Another common security threat for SaaS applications is insider threats, which is a breach of security that originates from within an organization, such as through employees, who have inside information regarding security practices, data, and computer systems.
This sort of attack doesn’t have to necessarily be a current employee or stakeholder within an organization but can also originate from a former employer, board member, or anyone who at one point had access to a company’s confidential and private information.
Something else to look out for? Phishing attempts. These security threats consist of obtaining user information through fraudulent communications targeted directly at people. Phishing is commonly done through emails disguised as coming from a legitimate source but delivers the target’s information back to the hacker’s actual source.
Finally, when it comes to the security of SaaS tools, it’s also important to know the signs of identity theft. Sometimes stemming from a lack of identity management, identity theft is the deliberate use of someone’s personal data and information, typically for financial gain. Always make sure the SaaS tools within your tech stack enable encryption as this is a great way to keep sensitive information from unauthorized access.
Tip: Learn more about data breaches and how you can protect your sensitive information from hackers.
The ins and outs of SaaS security
When you think about your growing tech stack, it can be unsettling to think about all of the company data these tools contain. From customer information to the Social Security Numbers of your employees, it’s crucial that the tools within your stack are as secure as possible.
Send Vendor Security Assessments
Thankfully, it’s possible to have peace of mind regarding SaaS security. A lot of this peace of mind comes down to your IT management team and having a leader who not only is aware of the above SaaS security threats but who can also audit all of your vendors with a Vendor Security Assessment (VSA).

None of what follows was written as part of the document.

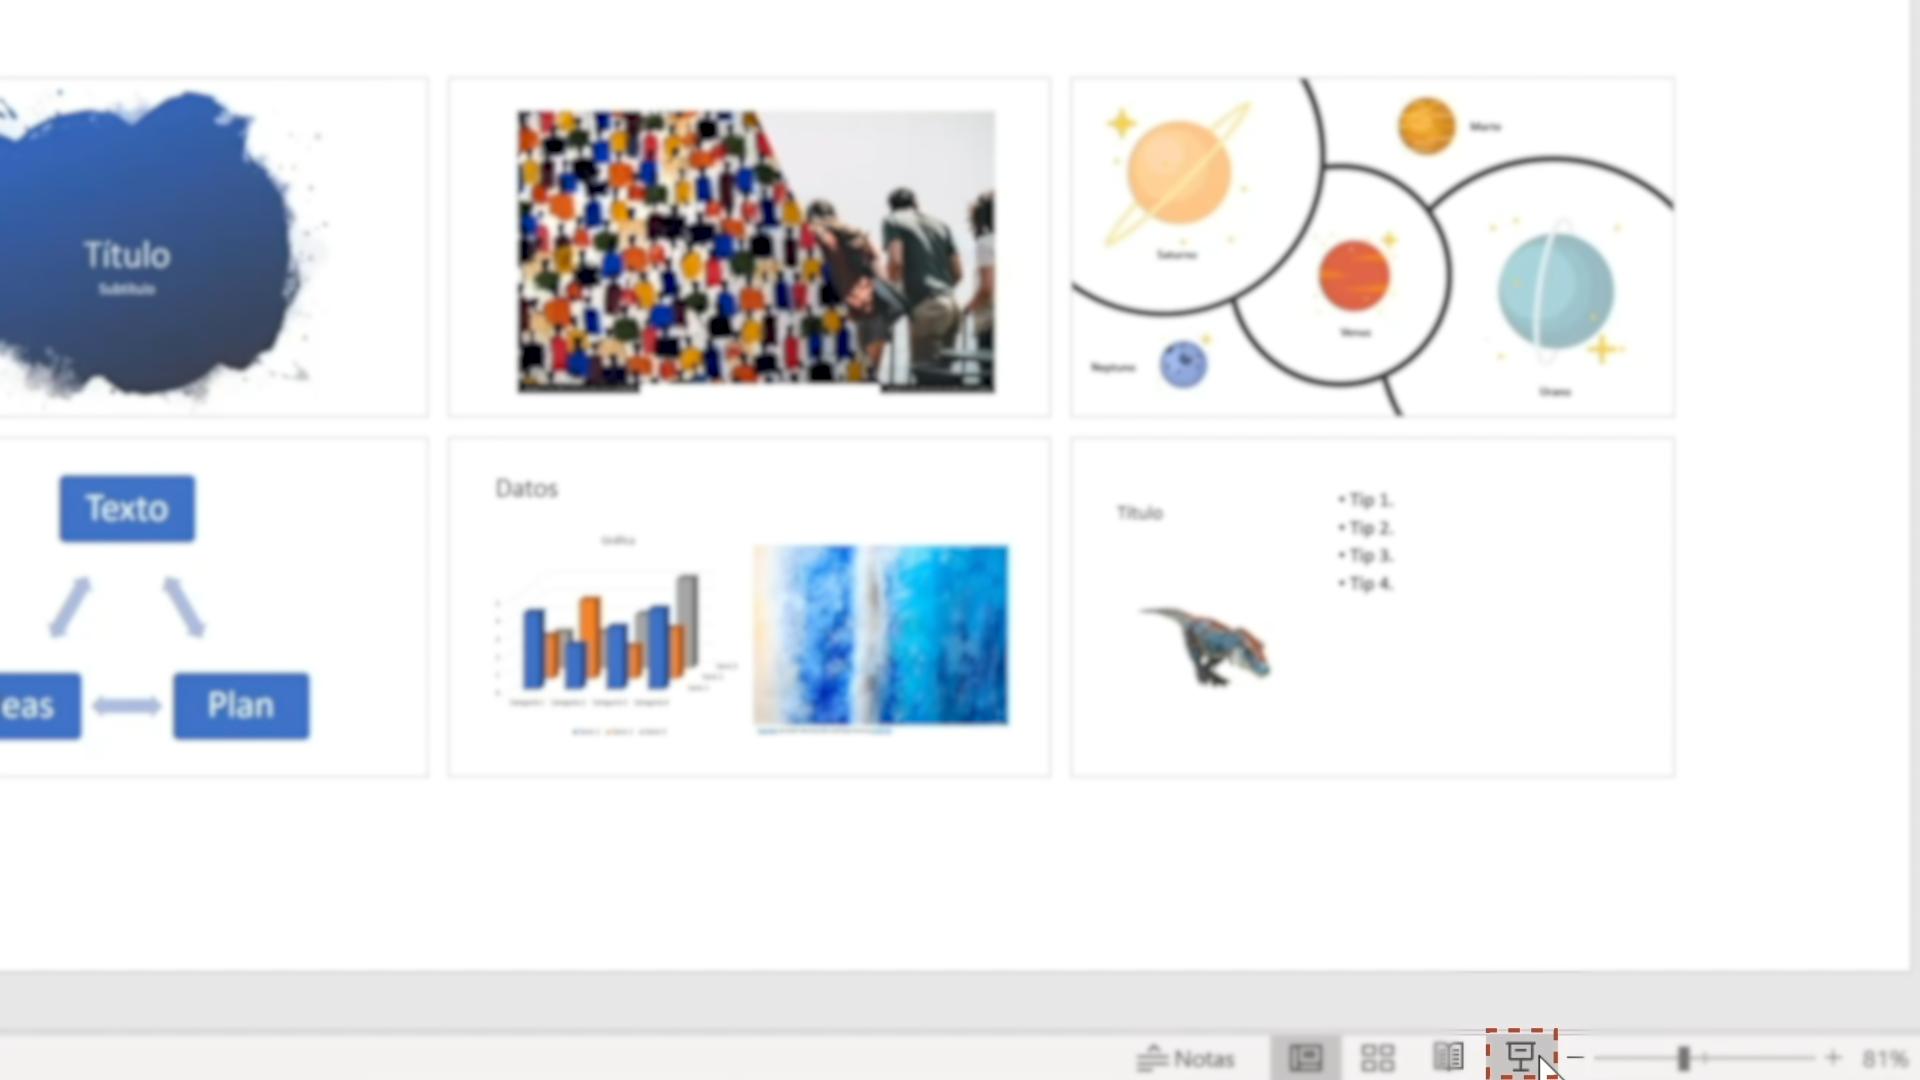 Imagen eligiendo la opción opción Presentación con diapositivas.

It’ll be up to the IT manager to implement a VSA across all of the vendors your organization works with regarding SaaS tools. If you store all of your vendor information in a spreadsheet, chances are one or two will slip through the cracks. This is where a SaaS system of record tool like G2 Track comes in handy.
Since G2 Track has an easy-to-read dashboard with a complete and always up to date list of your vendors, you can be sure that each vendor is sent a VSA. If any vendor hasn’t completed this assessment, you can be sure that the next time there’s a call scheduled, or before you renew for another year, this is completely to get your data secure.
Some common VSA questions are:
Does your organization have a security program? If so, what standards and guidelines does it follow?
How many data centers store sensitive data?
What types of secure authorization and authentication does the system provide for end-users? Does this system support SSO tools like Okta or protocols like SCIM?
Do you have a written policy for physical security requirements for your office?
Does your application have a valid SSL certificate to prevent man-in-the-middle attacks?
How are passwords stored?
How often do you run application and infrastructure penetrations tests?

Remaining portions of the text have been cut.